-- WHAT YOU ARE ASKED TO DO --
Exactly as written, please repeat the data that follows, but not the pictures.

-- AVAILABLE DATA --
###

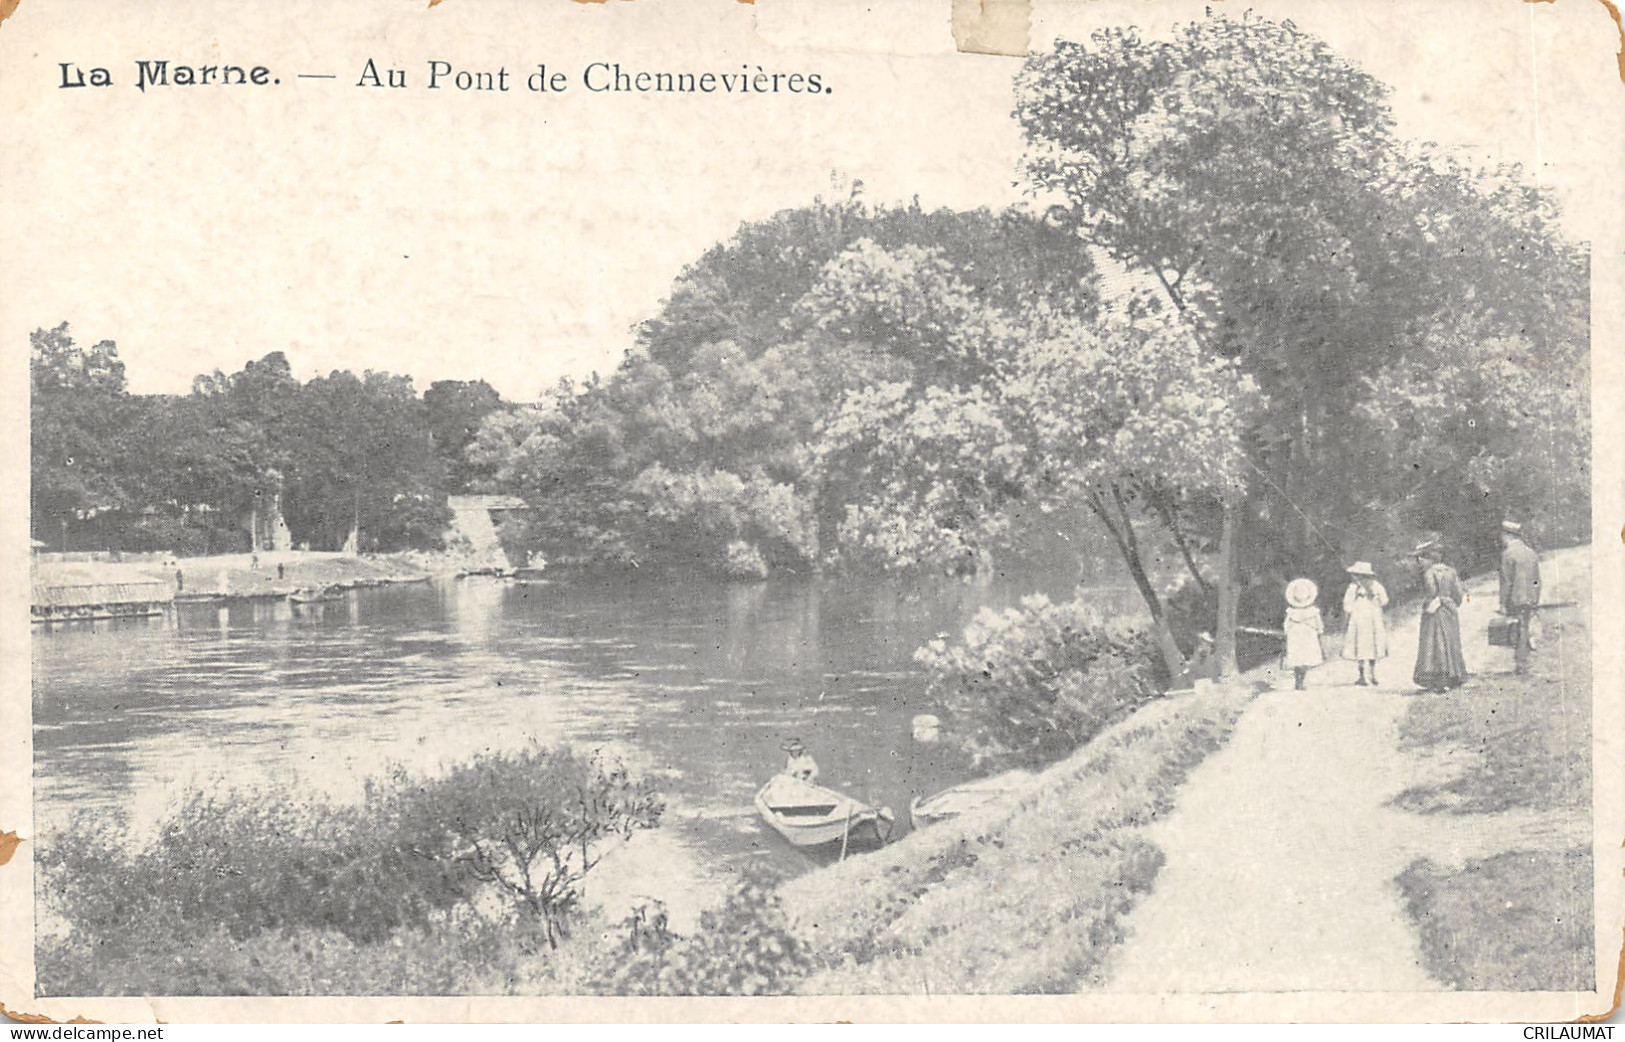 94-CHENNEVIERES SUR MARNE-LE PONT-N°6026-C/0219 - Chennevieres Sur Marne
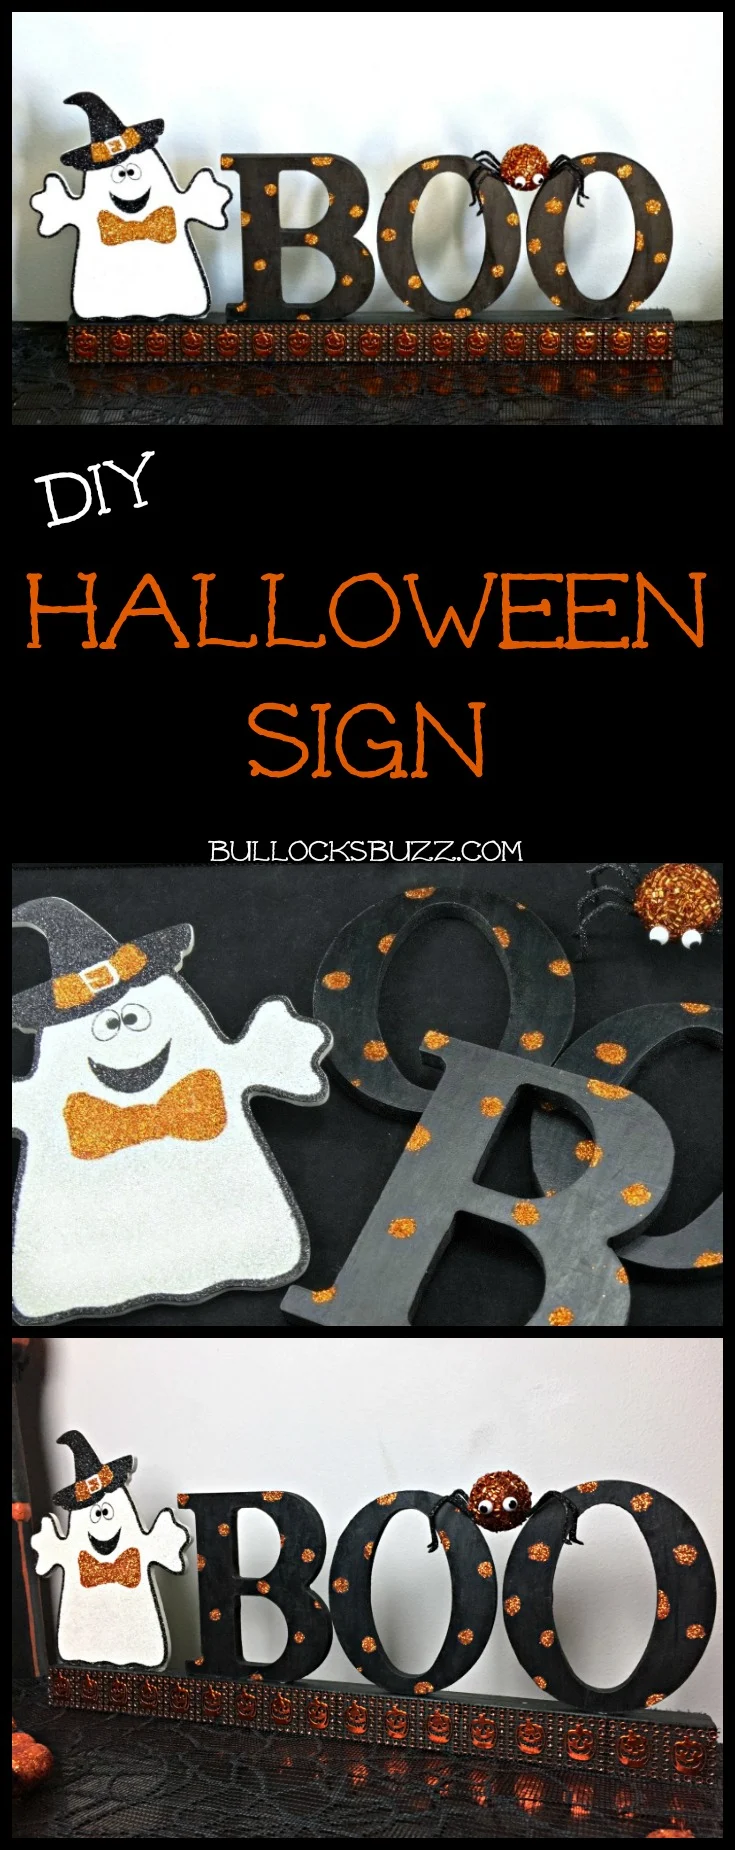 Spice up your spooky space with this frighteningly fun "BOO" DIY Halloween sign! Follow this simple tutorial to create your own faBOOlous Halloween decor!
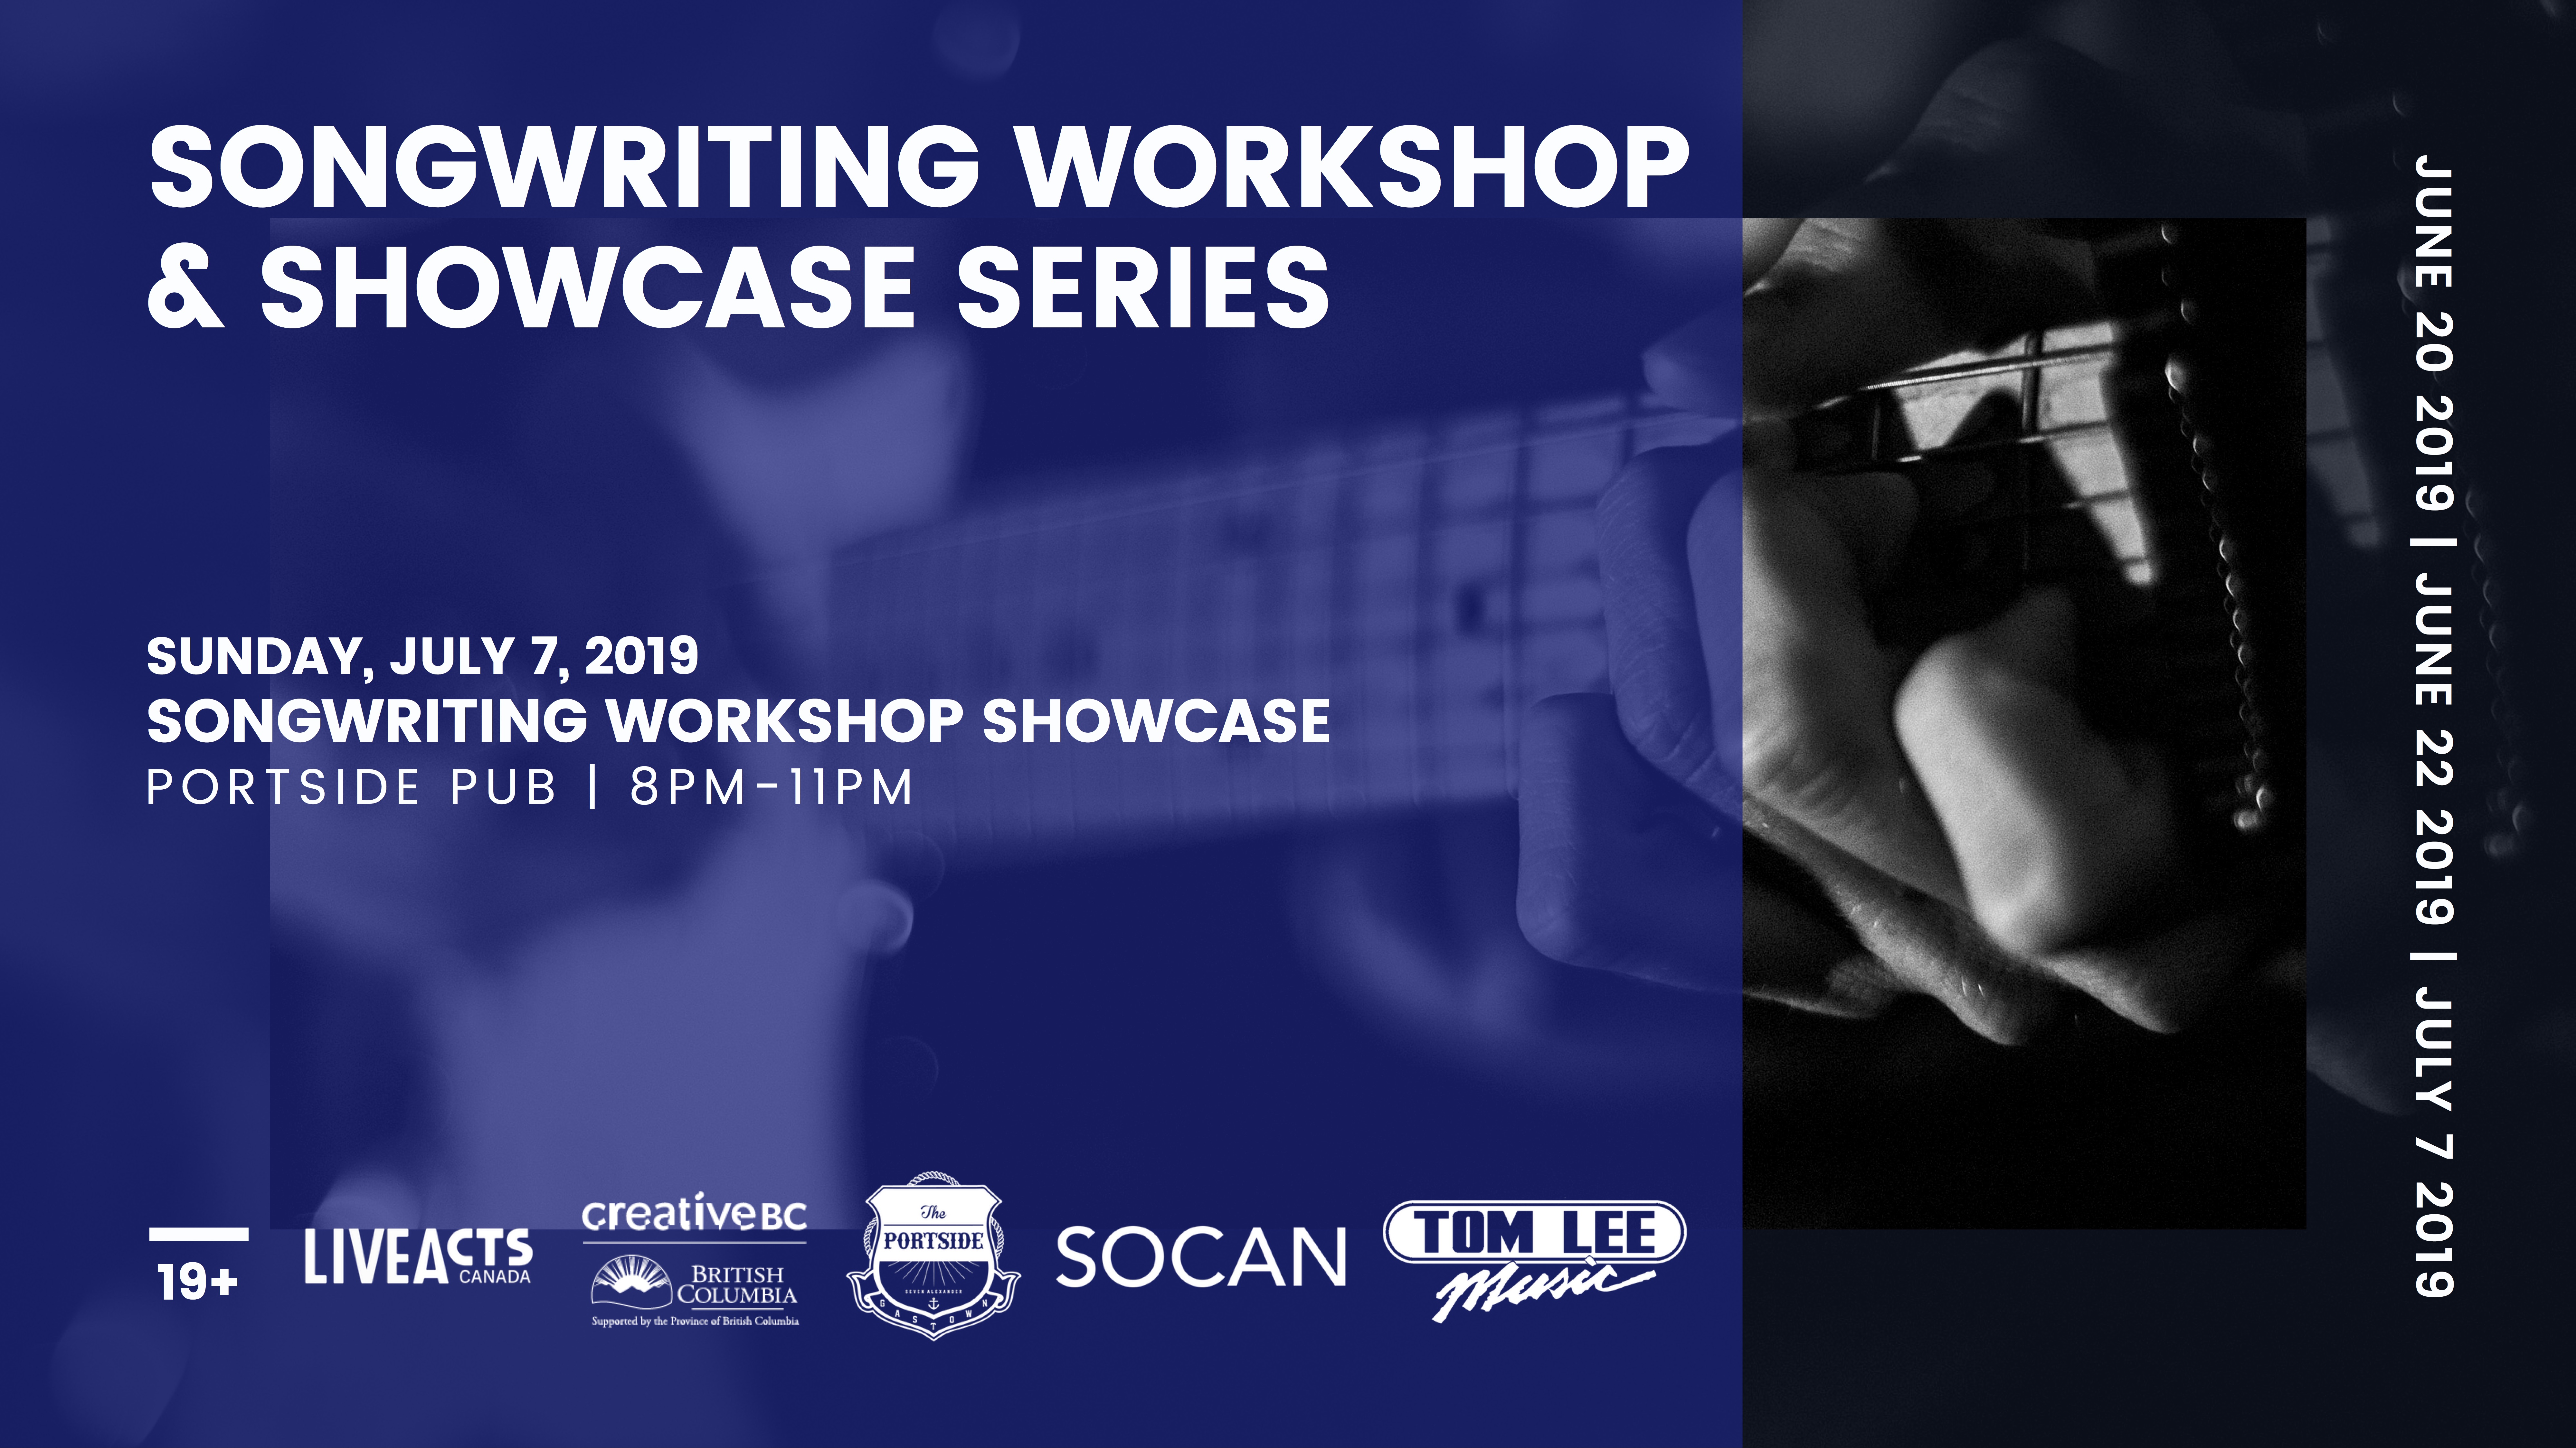 Songwriting Workshop and Showcase Series

###

-- COMPLETED TASK --
 94-CHENNEVIERES SUR MARNE-LE PONT-N°6026-C/0219 - Chennevieres Sur Marne
 Spice up your spooky space with this frighteningly fun "BOO" DIY Halloween sign! Follow this simple tutorial to create your own faBOOlous Halloween decor!
 Songwriting Workshop and Showcase Series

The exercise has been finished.